Em Deus vivemos,
caminhamos, amamos e esperamos.
A festa
da Santíssima Trindade nos convida a mergulhar no mistério de Deus, deixando que
ele nos envolva, abrace e dinamize. Dialogando com os intelectuais de Atenas,
Paulo afirma que em Deus “vivemos, nos movemos e existimos” (At 17,28). Deus é
o fundamento de todas as formas de
vida, o dinamismo de todas as
transformações, o horizonte do
sentido definitivo. Nossa vida se desenrola no Filho, o Caminho; sob o Espírito
Santo, o Guia; em direção ao Pai, Origem e meta. Celebremos e meditemos sobre o
mistério de Deus revelado em Jesus Cristo, conscientes de que falar sobre Deus
é falar sobre o mistério mais profundo do ser humano. E esta é uma tarefa tão
difícil quanto necessária.
No
Evangelho de hoje, Jesus fala aos discípulos no clima de apreensão que envolve
sua última ceia. Ele não está preocupado em falar sobre Deus de forma abstrata.

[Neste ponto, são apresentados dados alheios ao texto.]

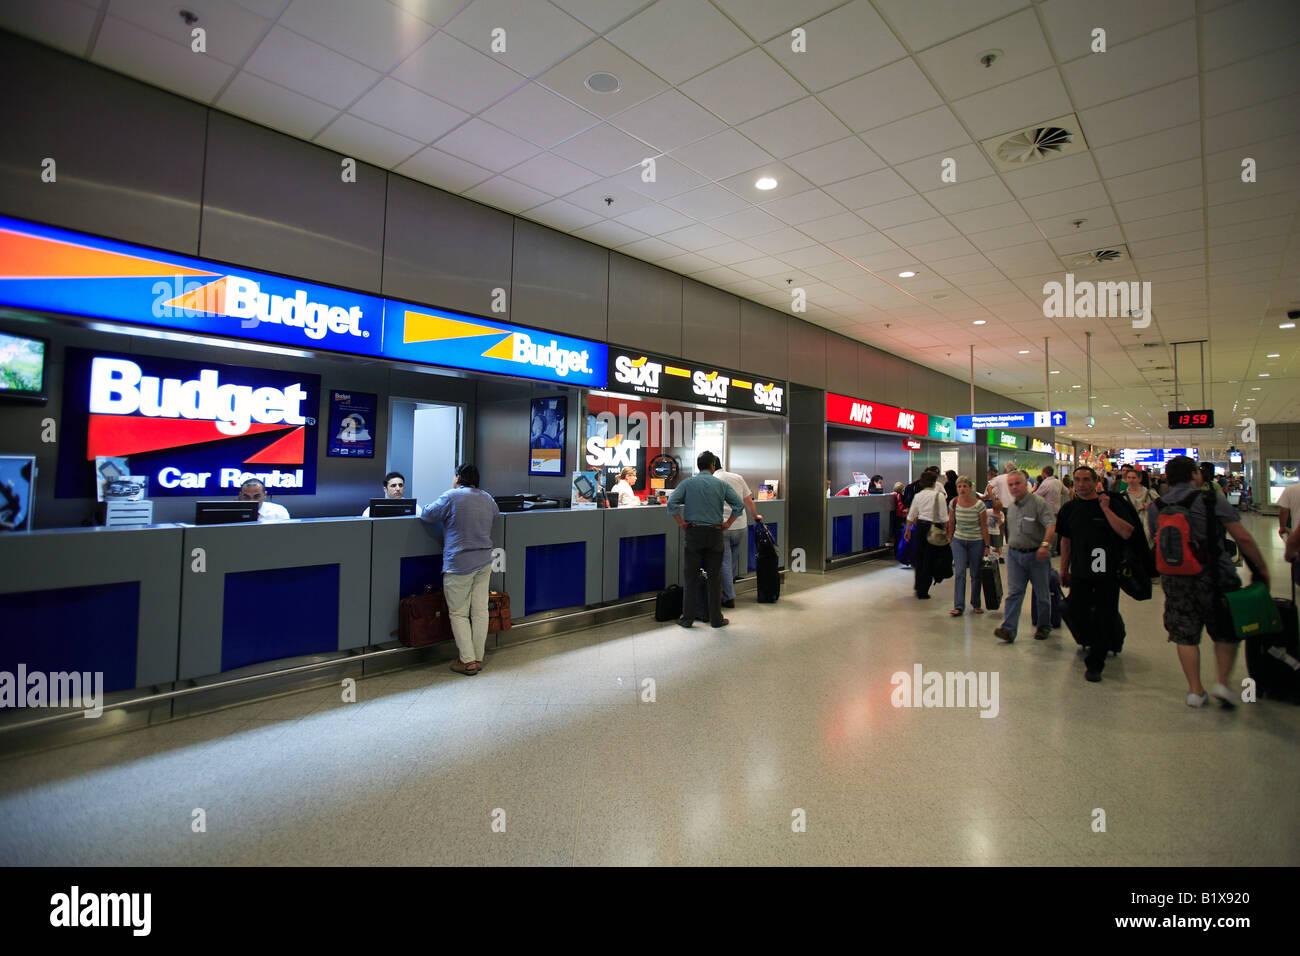 Rent A Car Eleftherios Venizelos Airport

Seu objetivo é prevenir os discípulos a respeito das dificuldades que deverão
enfrentar e encorajá-los frente às perseguições. Sublinha que sua vida e seu
ensino têm consequências que eles ainda não são capazes de compreender. “Tenho
ainda muitas coisas para vos dizer, mas não sois capazes de compreender agora.”

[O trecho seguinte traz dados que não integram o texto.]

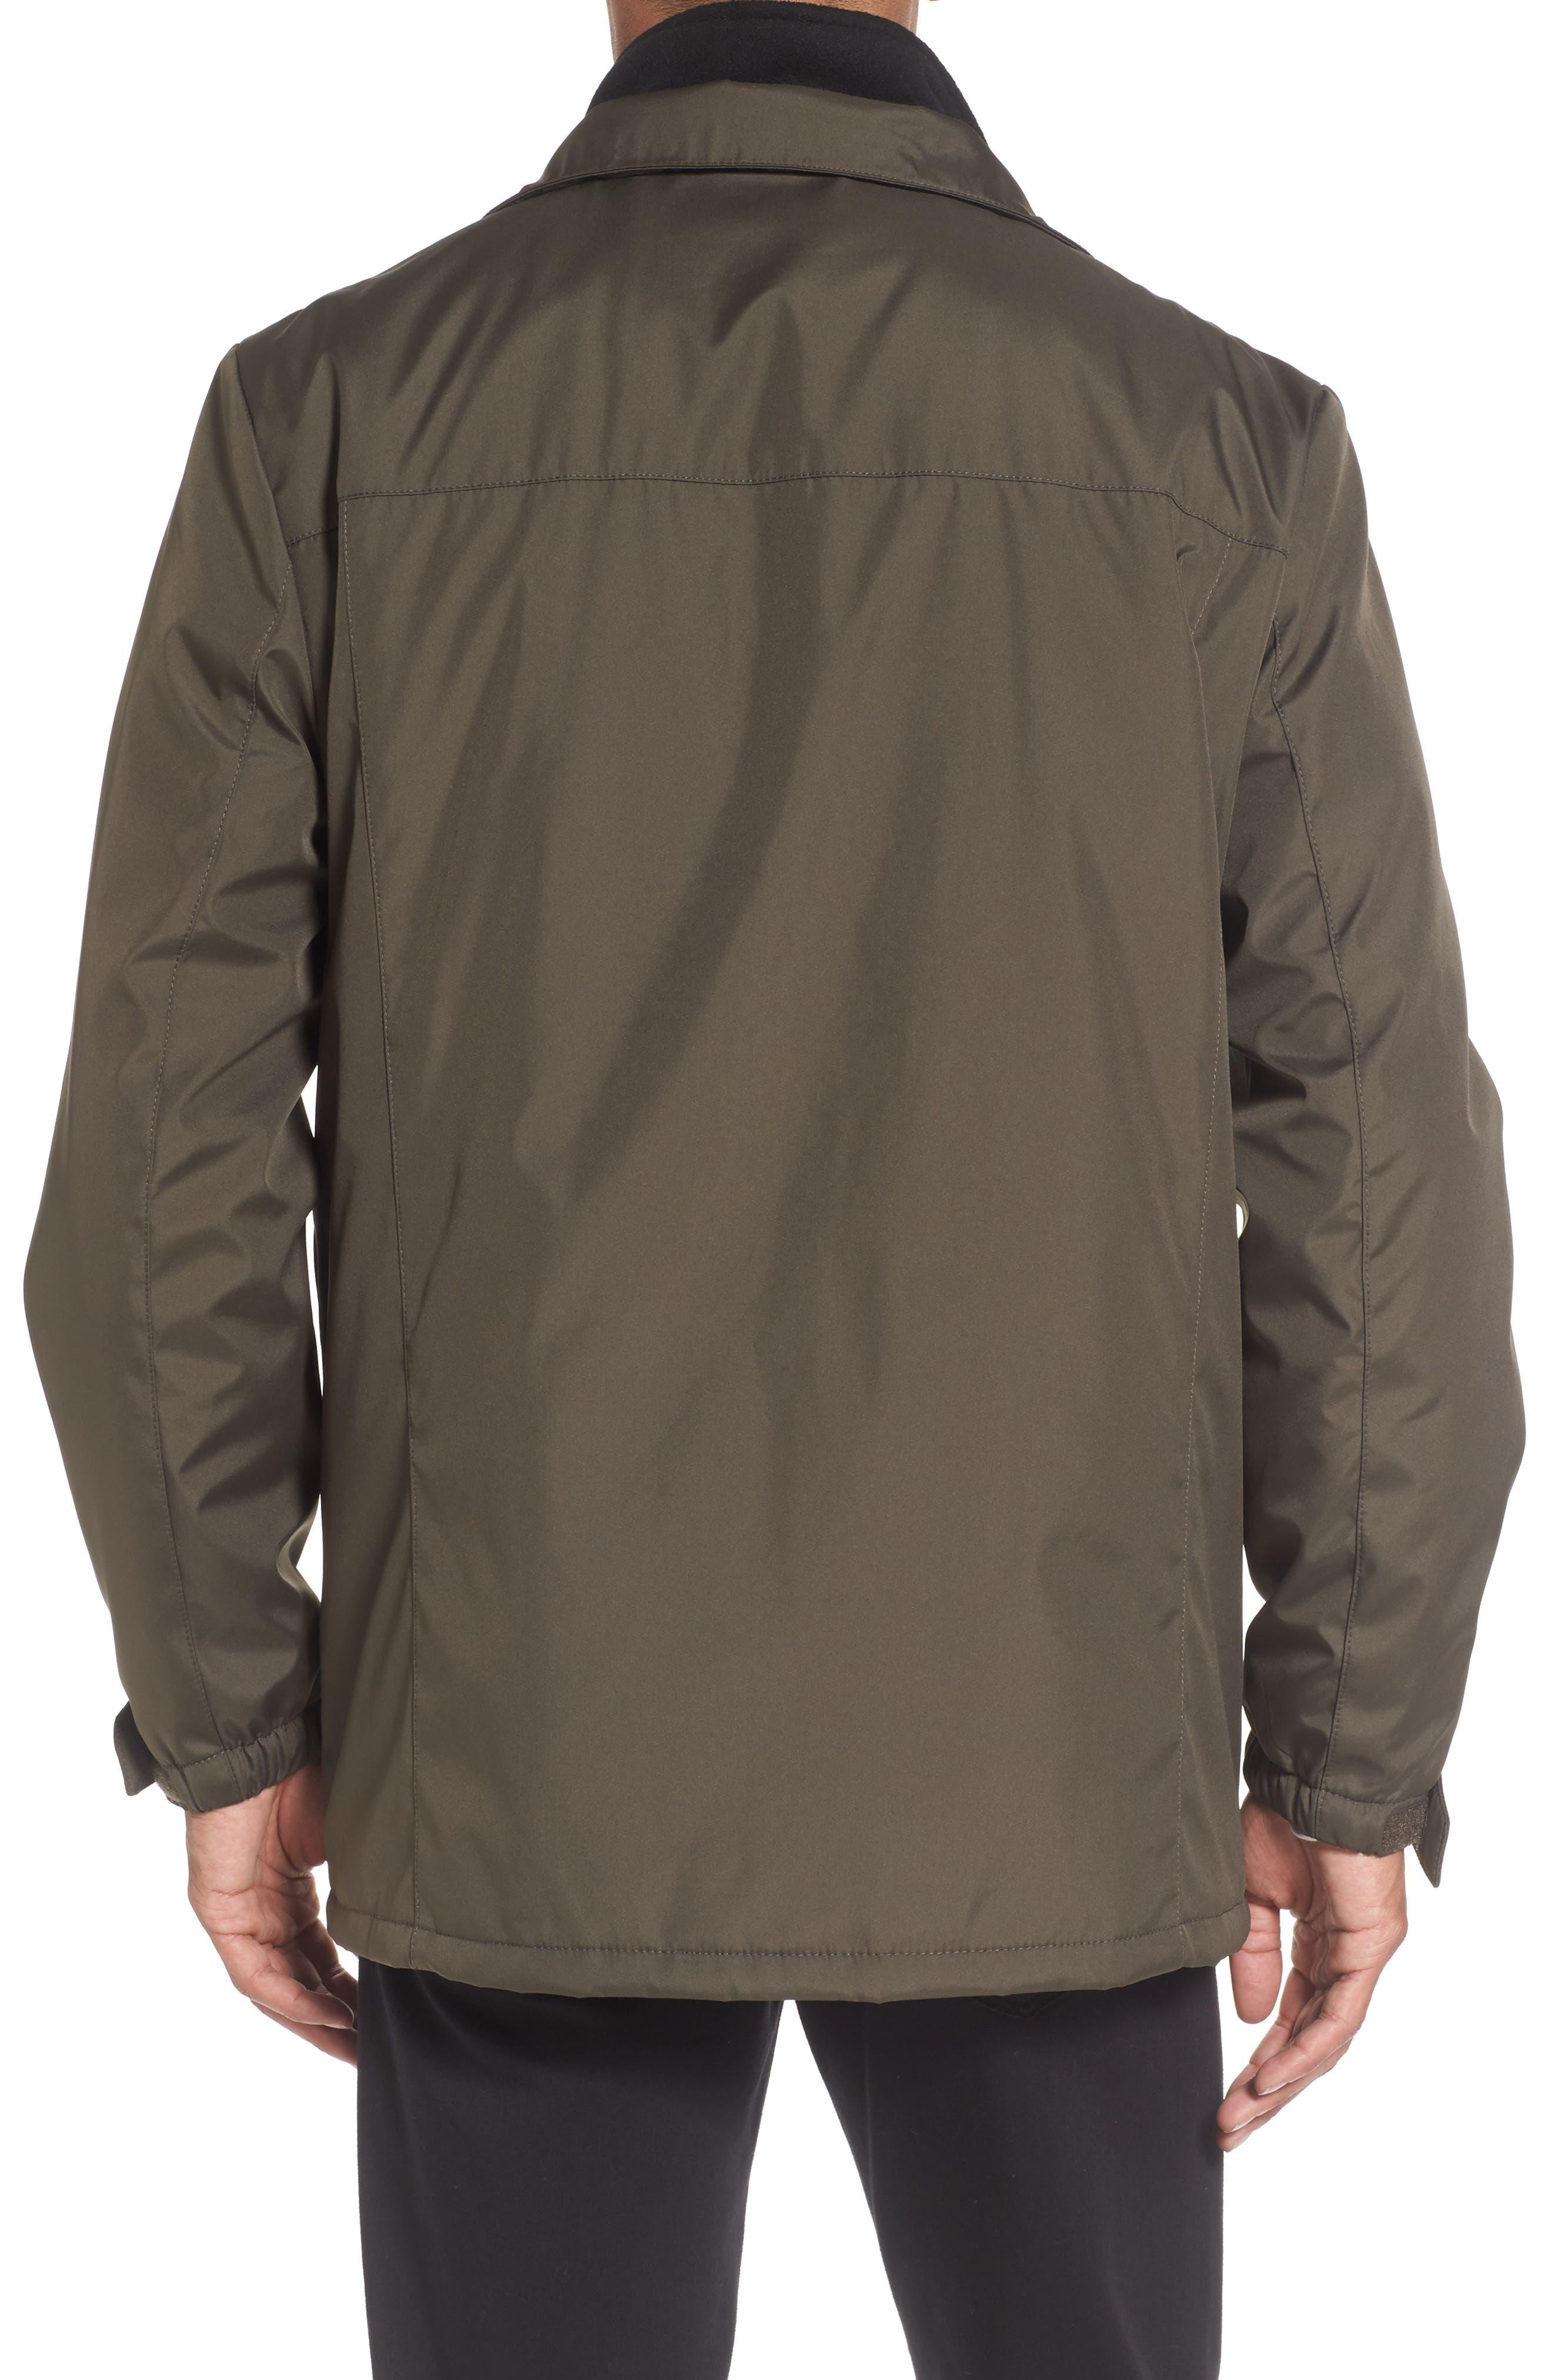 Hooded Jacket with Inset Fleece Bib,                             Alternate thumbnail 15, color,

E acena para o dom do Espírito da Verdade, à luz do qual eles saberão entender
o caminho do amor e da compaixão.
Como
discípulos e discípulas, precisamos efetivamente viver, caminhar e nos inspirar
em Deus. Deus é um horizonte e um caminho de vida, e não uma equação matemática
ou uma muralha inexpugnável. Ao elaborar o conceito ‘trindade’ ou ‘tri-unidade’,
a tradição cristã não está propondo uma charada ou um enigma a ser decifrados.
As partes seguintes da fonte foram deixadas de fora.